Mut zur Veränderung schaut anders aus
GESUNDHEITSSYSTEM
Die Ergebnisse einer aktuellen Umfrage über das österreichische Gesundheitssystem sind alarmierend und sollten der Politik ein dringender Weckruf sein, endlich zu reagieren: 45 Prozent der Befragten sind laut den Daten des Gallup-Instituts nämlich der Ansicht, dass sich die medizinische Versorgung in den vergangenen zwölf Monaten verschlechtert habe. Das ist eine Verschlechterung um 20 Prozent in nur einem Jahr. Verbesserungsbedarf sehen Patientinnen und Patienten sowie Ärztinnen und Ärzte in praktisch allen Bereichen - insbesondere im niedergelassenen Bereich (66 Prozent), wobei vor allem die langen Wartezeiten auf Termine und die kurze Dauer für Arzt-Patienten-Gespräche bemängelt werden.
Diese Ergebnisse wurden jetzt auch beim European Health Forum Gastein von aktiven und ehemaligen Gesundheitspolitikern diskutiert. Der von ihnen dort ausgestellte Befund ist so klar wie ernüchtern: Angesichts immer mehr älterer Menschen, immer weniger Einnahmen aus Sozialversicherungsbeiträgen und immer teureren modernen Therapien wird das solidarische Gesundheits- und Sozialsystem auf kurz oder lang kaum noch aufrecht zu erhalten sein. Es sei denn, man geht endlich mutige Reformen an. Doch wie sollen die aussehen?
Einer der Vorschläge: Zur Finanzierung des Systems brauche es Vermögens- und Erbschaftssteuern. Besonders visionär ist das nicht. Geld von jenen zu holen, die es haben, und dieses dann in ein marodes System zu pumpen, macht das System nicht besser – dafür aber noch teurer, weil es immer mehr zu einem Selbstbedienungsladen wird. Wieso nicht endlich mehr Eigenverantwortung der Menschen einfordern, wie nicht endlich nachdenken über Selbstbehalte im niedergelassenen Bereich und Ambulanzgebühren für Patienten, die ins Spital gehen obwohl sie dort nicht hingehören?
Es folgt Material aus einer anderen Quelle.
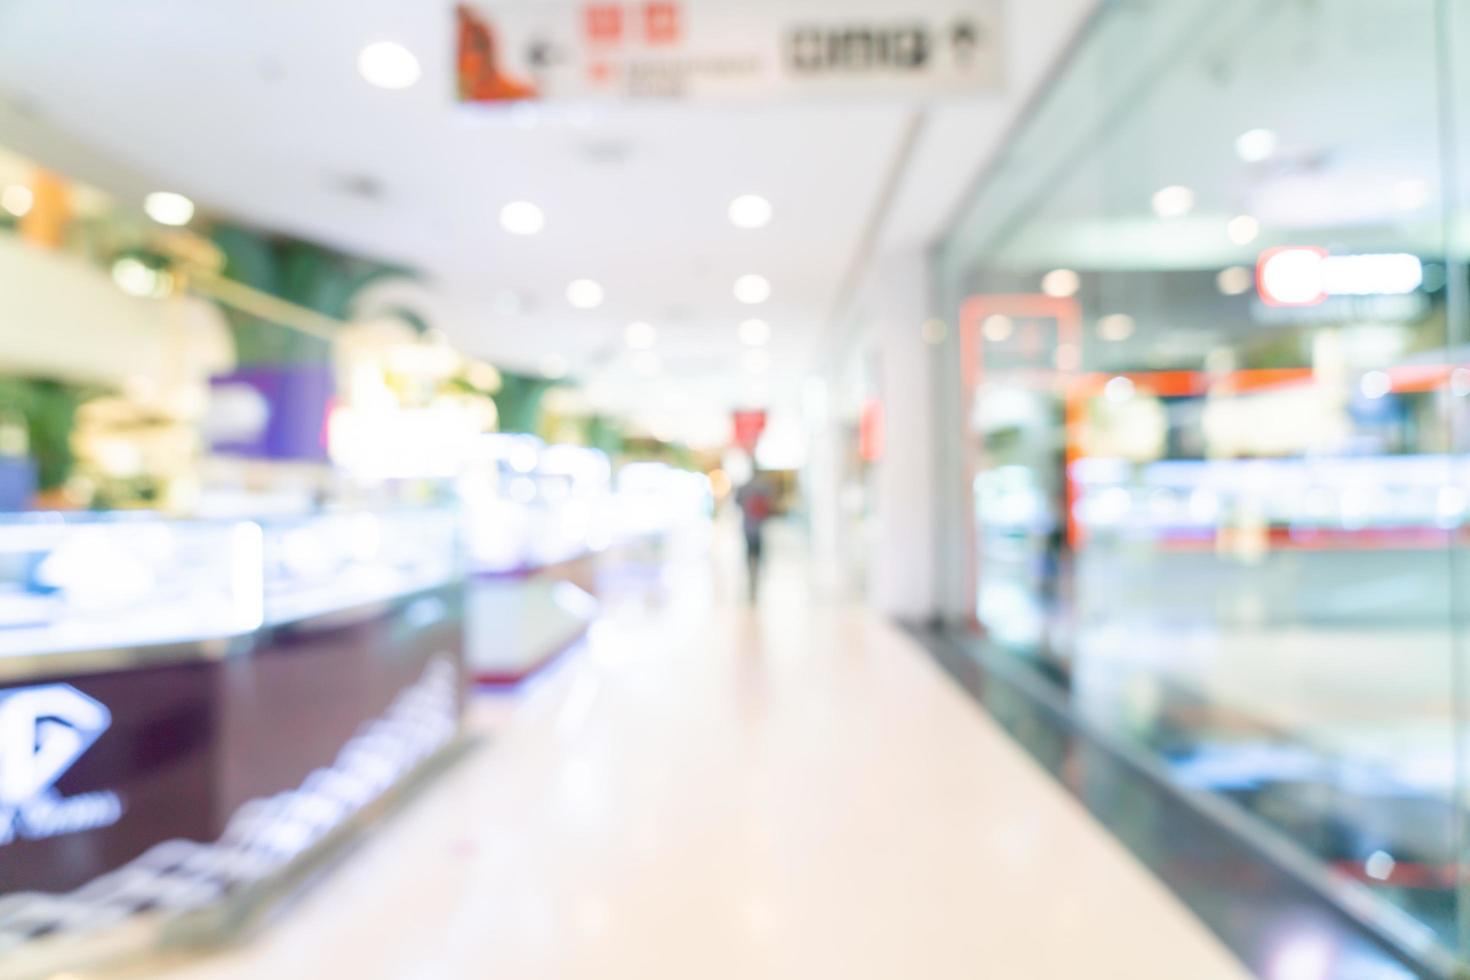 abstrakt oskärpa shoppar och butik i köpcentrum för bakgrund foto

Umverteilungs-Steuern lassen unser Gesundheitssystem nicht genesen.
Ebenfalls in Gastein diskutiert: eine umfassende Reform des Föderalismus, eine Finanzierung des Gesundheitssystems aus einer Hand und die Zusammenlegung aller Sozialversicherungen. Nun – im Bereich der damaligen Gebietskrankenkassen hat man den Föderalismus bereits zerschlagen. Was der nachfolgende Zentralismus gebracht hat, sieht man aktuell an Finanzen und Effizienz der Österreichischen Gesundheitskasse. Und das will man großflächig durchziehen?
Eine weitere Idee auf dem Kongress: Wer sich verpflichtet, einige Jahre dem öffentlichen Gesundheitssystem zur Verfügung zu stehen, soll beim Medizin-Aufnahmetest Bonus-Punkte bekommen und vorgereiht werden. Wie weit soll das dann gehen? Dass auch jene, die ganz und gar nicht für Medizin geeignet sind, einen Studienplatz bekommen, nur weil sie sich verpflichten, danach als Amtsarzt tätig zu werden? Will man so die Qualität der Versorgung steigern?
Es ist ernüchternd, mit welchen wahnwitzigen Ideen und visionslosen Konzepten die Politik das Gesundheitssystem leistbar halten und verbessern will. Es bleibt nur zu hoffen, dass der laufende Reformprozess von Bund, Ländern und Gemeinden, in dem das Gesundheitssystem ein zentrales Thema bildet, bald bessere Lösungen bringt. Und es bleibt auch abzuwarten, ob und wie sehr die Ärztekammer in diesen Prozess eingebunden wird. Bisher ist von dieser Einbeziehung jedenfalls nicht zu spüren – das merkt man auch an den oben erwähnten Beispielen. Reformwille und echter Mut zur Veränderung schauen anders aus.